Secara lebih konkret, kegiatan ini ditujukan untuk meningkatkan kompetensi pegawai dalam menghadapi dinamika pengelolaan hutan, memperkuat pendekatan humanis kepada masyarakat, serta memastikan program kehutanan berjalan tidak hanya di atas kertas, tetapi juga efektif di lapangan.

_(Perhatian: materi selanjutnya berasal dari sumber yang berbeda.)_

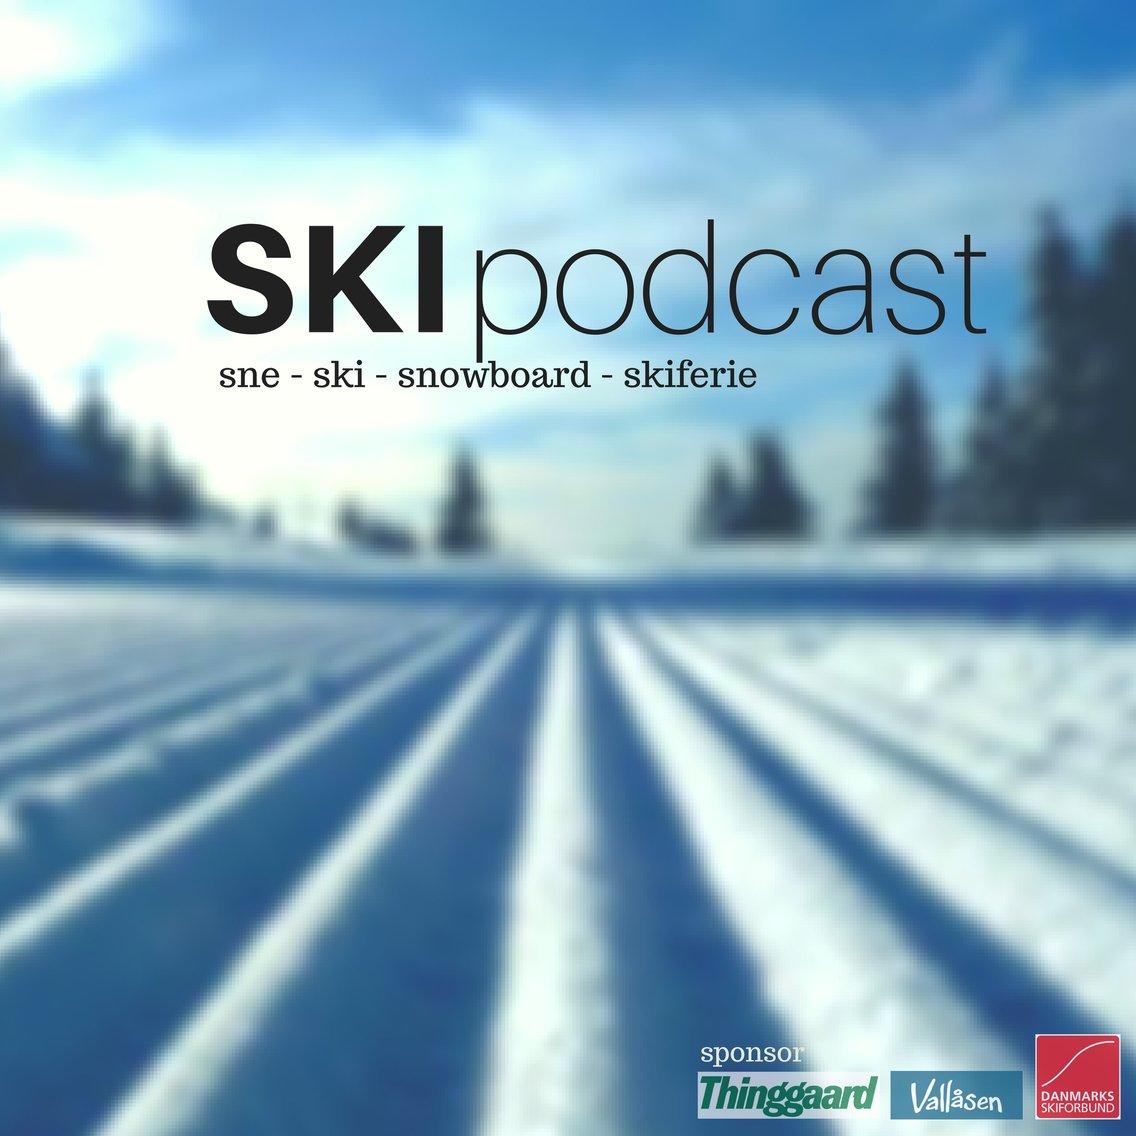 SKIpodcast - imagen de portada

Kepala Dinas Kehutanan Provinsi Jawa Timur, Jumadi, menegaskan bahwa pembinaan ini menjadi bagian penting untuk membentuk aparatur yang tidak hanya paham aturan, tetapi juga mampu memahami kondisi sosial di lapangan.
“Pengelolaan perhutanan sosial tidak hanya berbicara tentang aturan, tetapi juga tentang empati,” ujarnya.
Menurut Jumadi, pembinaan ini diarahkan agar pegawai kehutanan mampu menjadi problem solver di tengah masyarakat sekitar kawasan hutan, bukan sekadar pelaksana administrasi.
Ia menambahkan, ASN kehutanan harus mampu menjaga keseimbangan tiga aspek utama, yakni ekonomi, ekologi, dan sosial, dalam setiap kebijakan dan tindakan di lapangan.
“ASN harus hadir memberikan solusi bagi masyarakat dengan tetap menjaga keseimbangan ekonomi, ekologi dan sosial,” tegasnya.(*)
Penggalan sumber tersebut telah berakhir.